▶ **Your assignment**: Your reply should be the whole listing, copied exactly, with the pictures left out.

▶ **Data**:
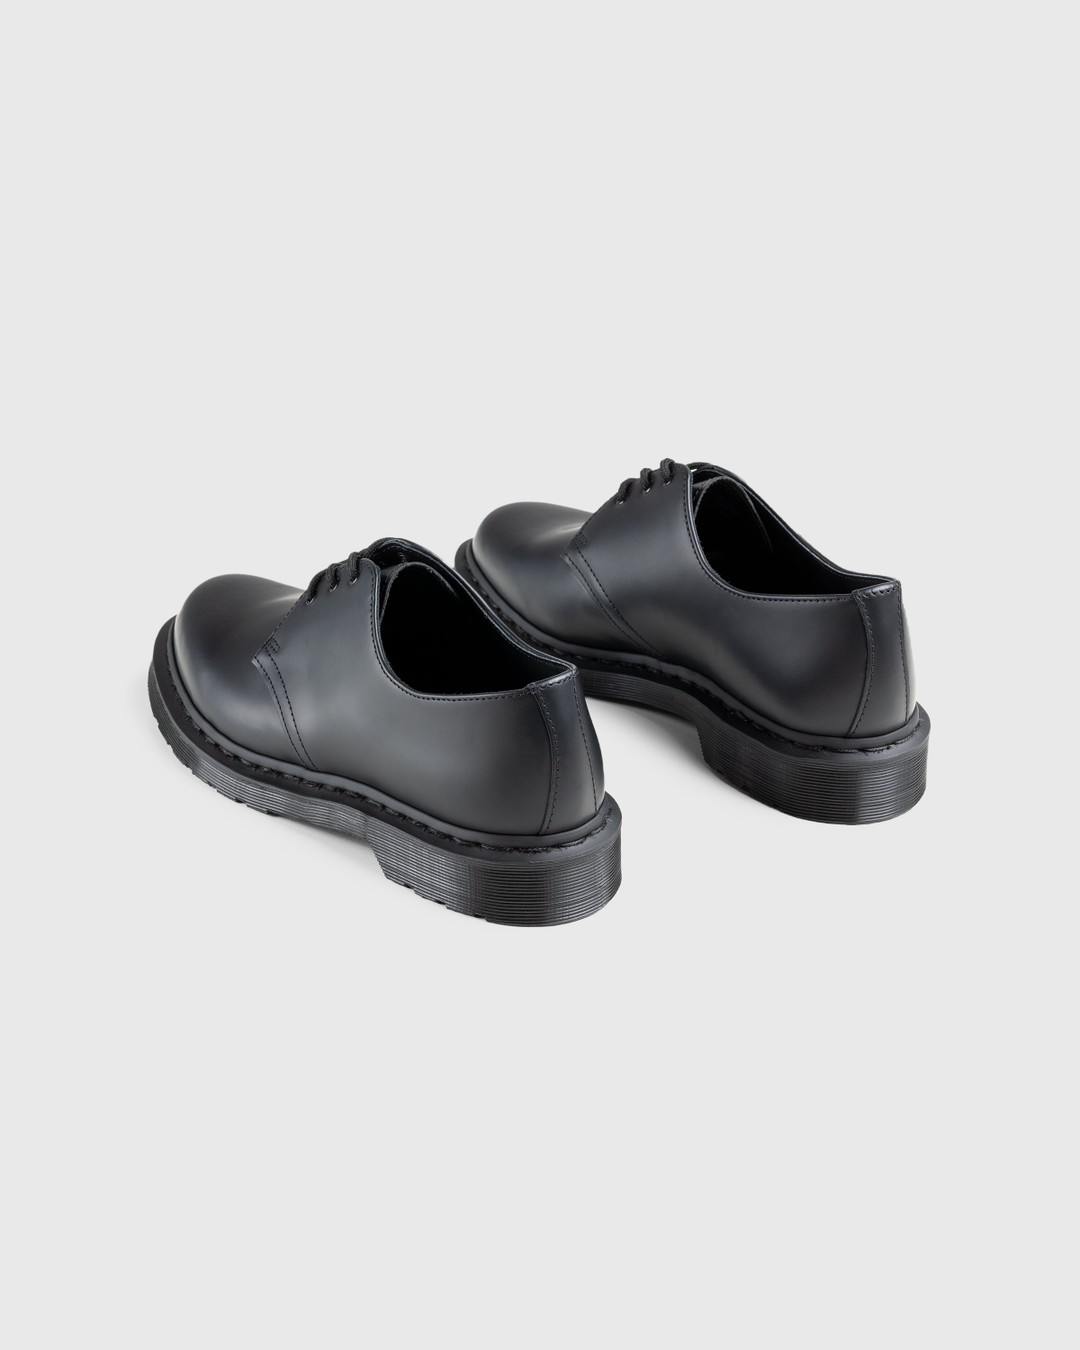 Dr. Martens – 1461 Mono Black Smooth - Shoes - Black - Image 4
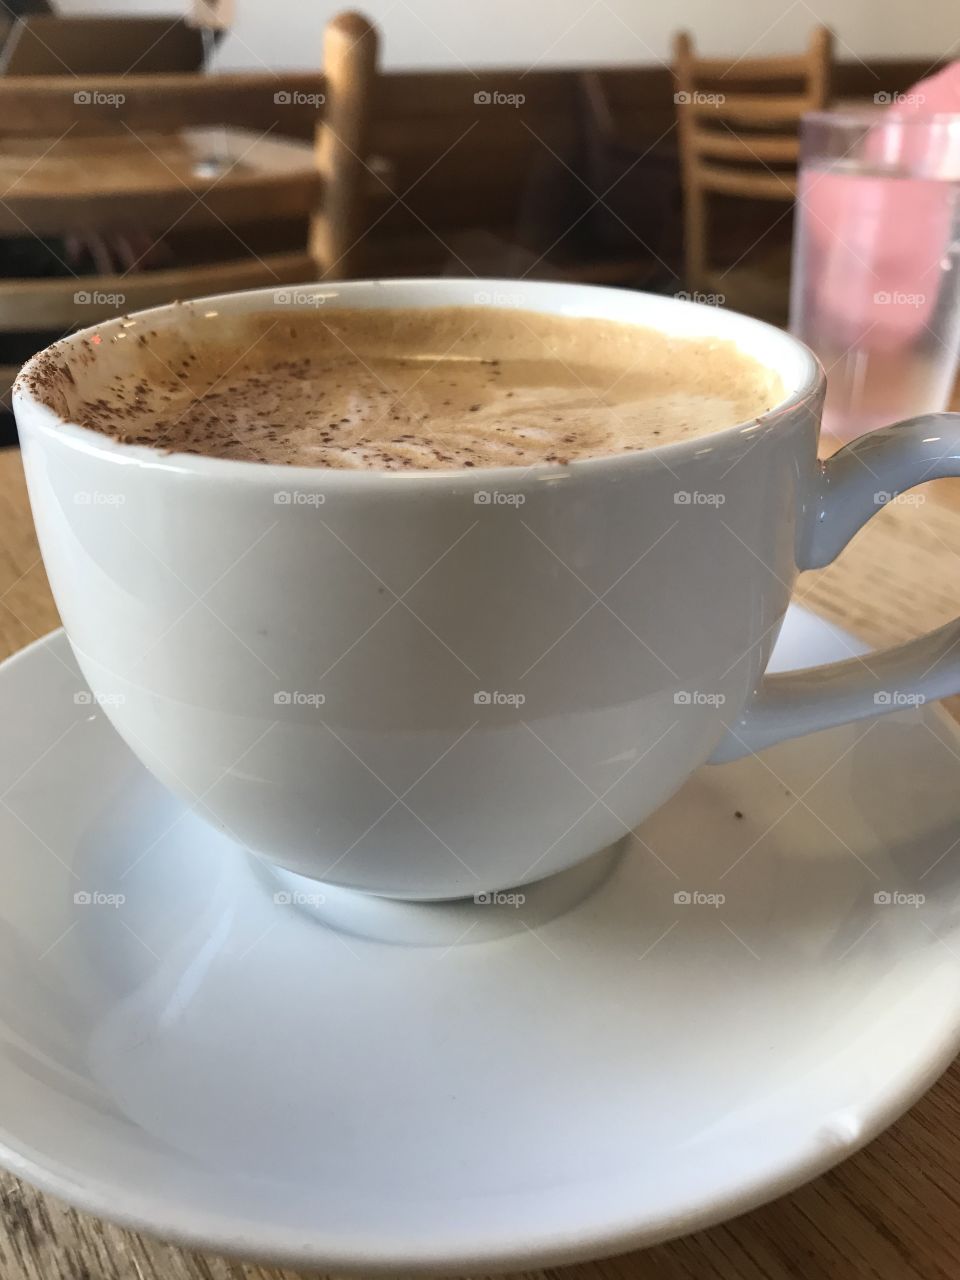 Mocha latte
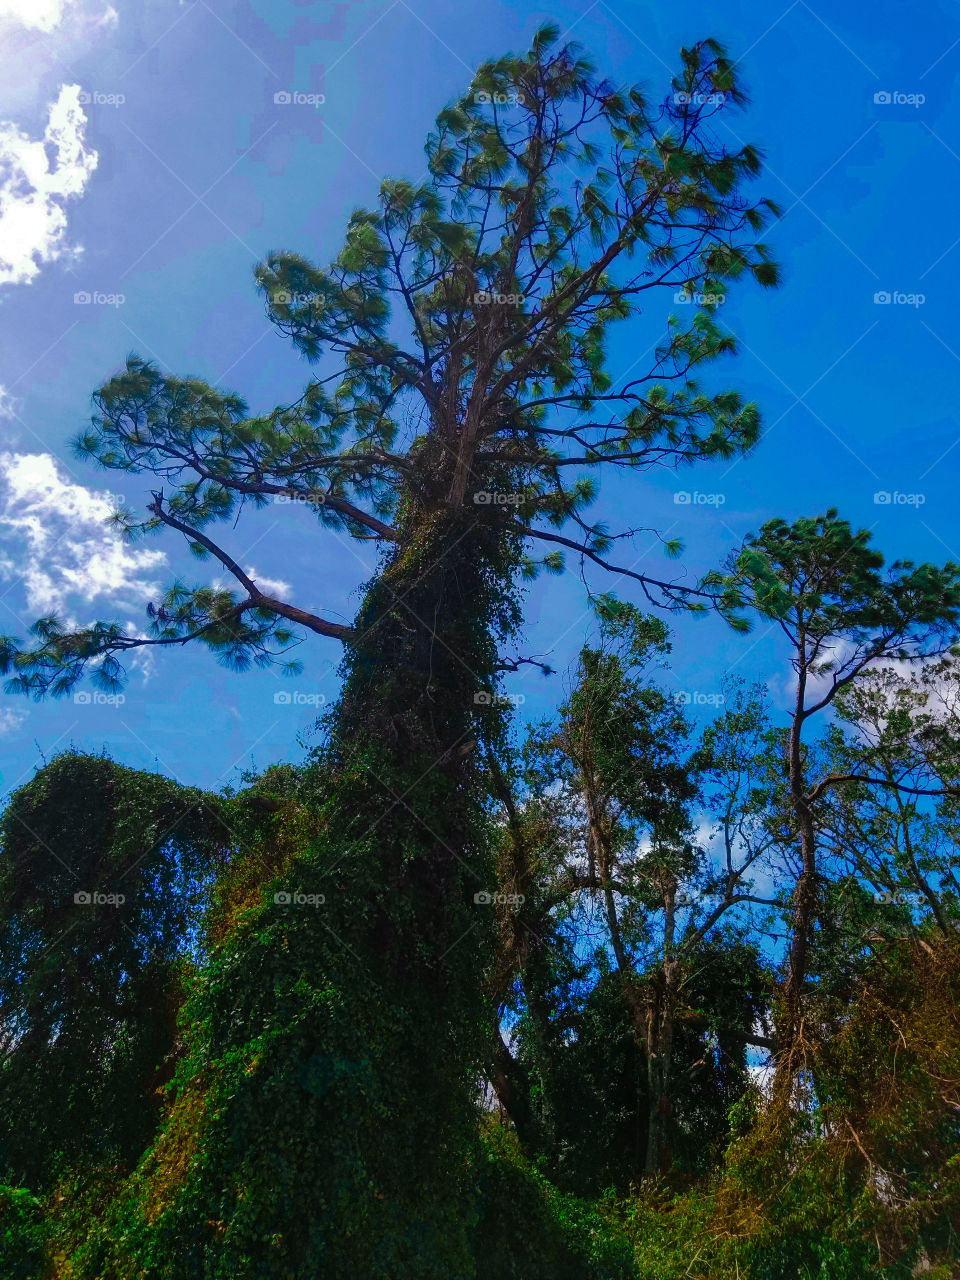 Tall Tree in Florida

▶ **Written solution**:
 Dr. Martens – 1461 Mono Black Smooth - Shoes - Black - Image 4
 Mocha latte
 Tall Tree in Florida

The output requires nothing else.